Vesayetten söz ediyor bunlar diyor atamayla gelenler diyor.
Feyzioğlu'nun Barolar Birliği Başkanlığı'na seçilmesi,
milletvekillerinin seçilmesinden daha demokratikdir.
'SEN DİKTATÖR DEĞİL, DİKTATÖR
BOZUNTUSUSUN'
Kim seçiyor milletvekilllerini bu diktatör bozuntusu seçiyor. Darbe
hukukunun arkasına saklanıyor. Çünkü o da darbeci. Diktatör diyorum
ama kusura bakma sen diktatör değil, diktatör bozuntususun.

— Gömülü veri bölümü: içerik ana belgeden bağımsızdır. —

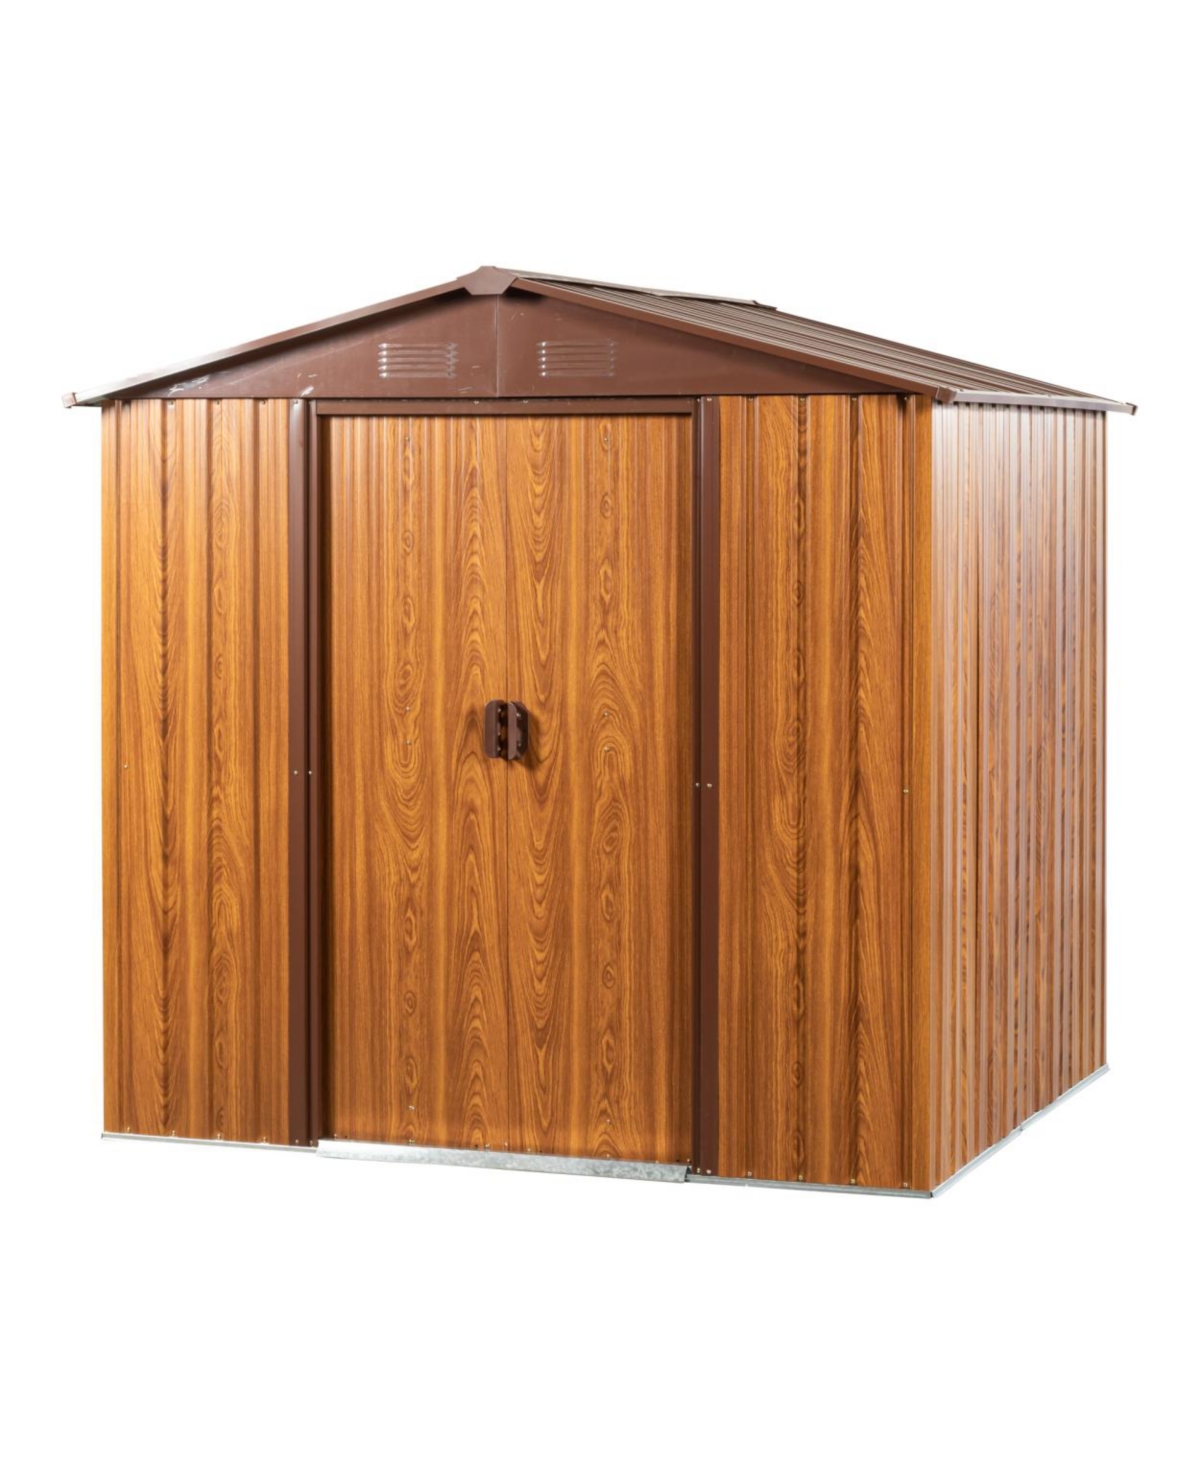 6x6 Metal Storage Shed with Wood Grain Horizontal Siding - Brown

Bir baro düşünün İstanbul Barosu Avrupa'nın en büyük barosu.
Yöneticilerini yargılamaya çalıştı. Kusura bakma CHP olduğu sürece
senin gerçeklerin gerçekleşmeyecek. Gazetecileri hapse attılar,
'Sizin boynunuzdaki tasmaları ben çıkardım' dedi.
Ve yetinmediler havuz medyası oluşturdular. Asıl bunun üzerinde
durmamız gerekiyor. Fezlekeler görüşülürken TBMM'de fiili yasak
uyguladılar. Neden korkuyorsunuz, neden çekiniyorsunuz?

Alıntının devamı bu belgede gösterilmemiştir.